Ministre des Comptes publics, un marcheur de la première heure à Bercy
Les remaniements ministériels ressemblent parfois à un véritable jeu de chaises musicales. Le siège de ministre des Comptes publics était vacant après la promotion de Gabriel Attal à l’Éducation nationale. Il revient à Thomas Cazenave, un marcheur de la première heure. L’énarque est un proche d’Emmanuel Macron qu’il a rencontré en participant aux travaux de la commission Attali pour libérer la croissance. Il devient directeur adjoint du cabinet d’Emmanuel Macron à Bercy, participe à l’élaboration du programme de LREM en 2017. Après avoir échoué à faire passer Bordeaux, sa ville d’origine, dans l’escarcelle macroniste, il parvient à se faire élire député de la ville lors des dernières législatives.
Outre-mer : un strapontin pour le Modem
Constituer un gouvernement est un travail d’alchimiste qui suppose de faire de la place aux alliés. Fidèle depuis le second quinquennat, le Modem se voit récompensé d’un nouveau portefeuille : celui de l’outre-mer qui revient à Philippe Vigier député depuis 2007 Ce dernier n’est pas un historique du parti puisqu’il a siégé au Nouveau Centre, à l’UDI, dans le groupe Liot (qu’il a présidé) puis au Modem. Cela suppose de sacrifier le préfet Jean-François Carenco sur l’autel de l’équilibre des forces.
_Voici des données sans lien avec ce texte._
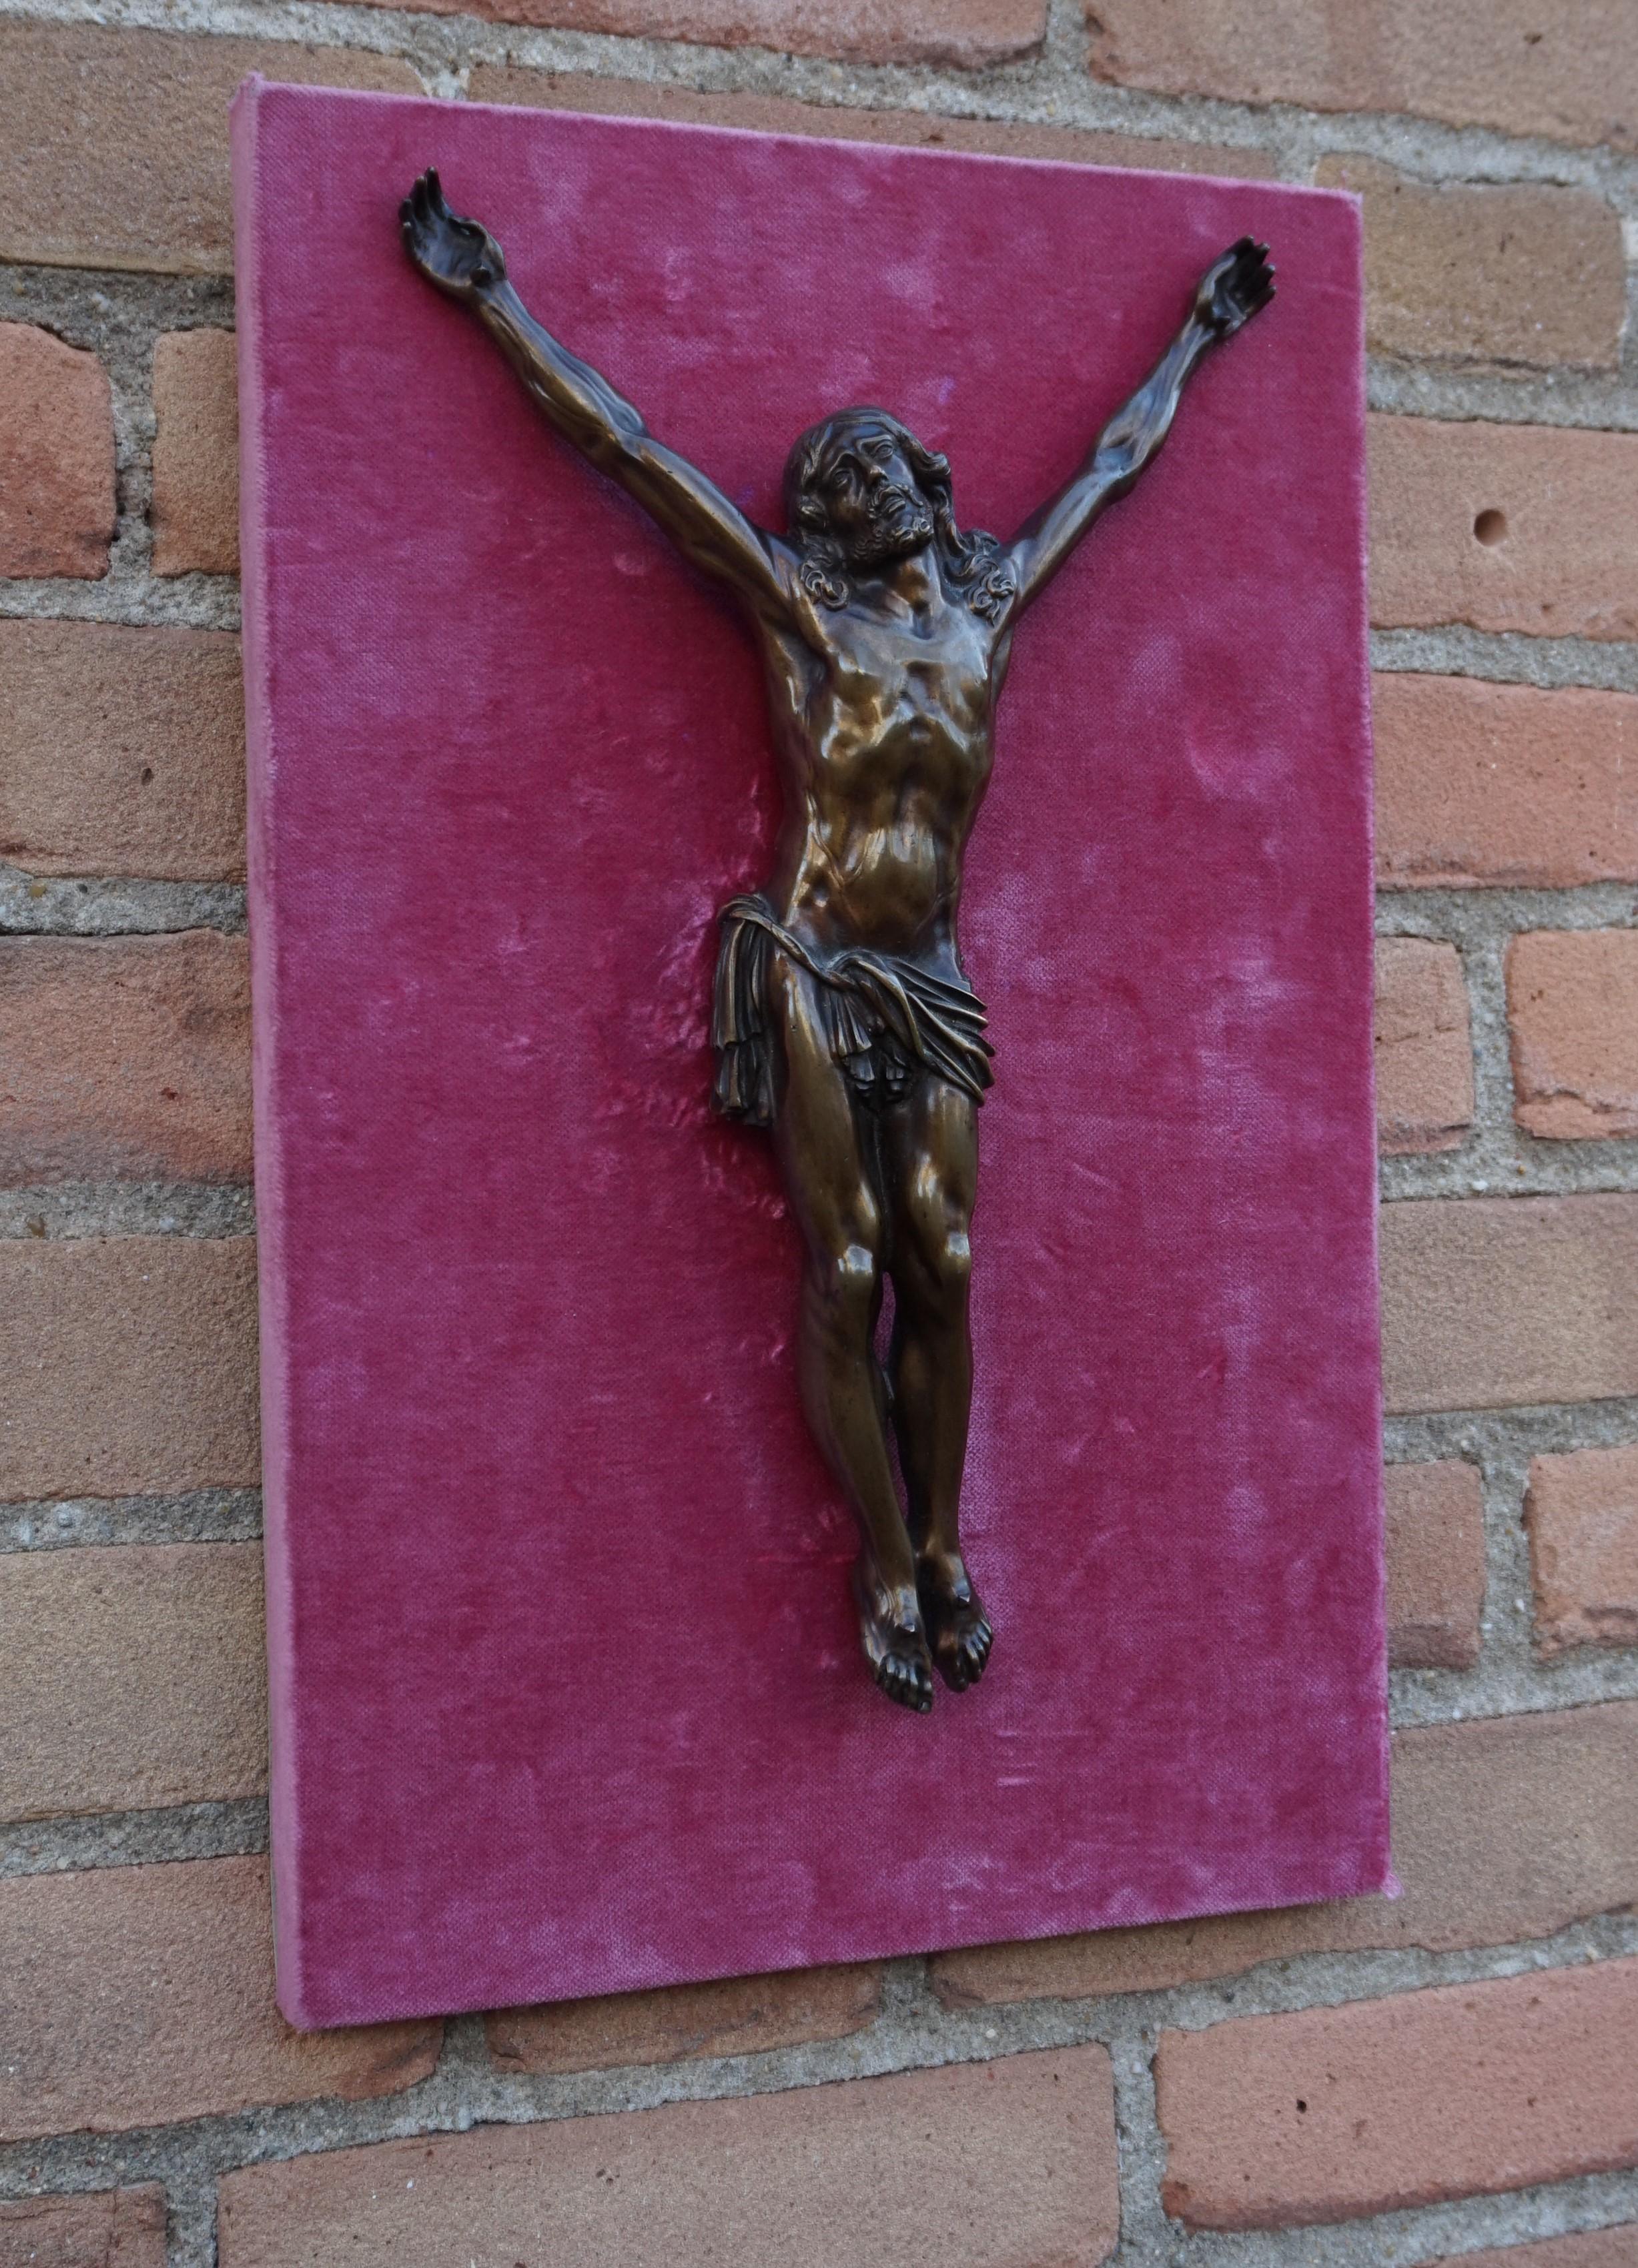 Amazing sculpture of Jesus on the cross.

This bronze sculpture of Christ is a powerful reminder of His agony and suffering on the cross. Much has changed in society since the life of Christ, but there are still many signs that we are far from being

Ministère de la Ville, adieu à la caution PS ?
Olivier Klein, maire PS de Clichy-sous-Bois était l’une des dernières figures de la gauche à avoir intégré le gouvernement. L’élu de Seine-Saint-Denis fait les frais du remaniement. Son portefeuille est scindé en deux. La députée Renaissance de Marseille Sabrina Agresti-Roubache prend en charge la Ville. Le maire de Dunkerque Patrice Vergriete est en charge du Logement. Un choix logique puisque ce polytechnicien proche de Martine Aubry est expert en urbanisme et en aménagement du territoire.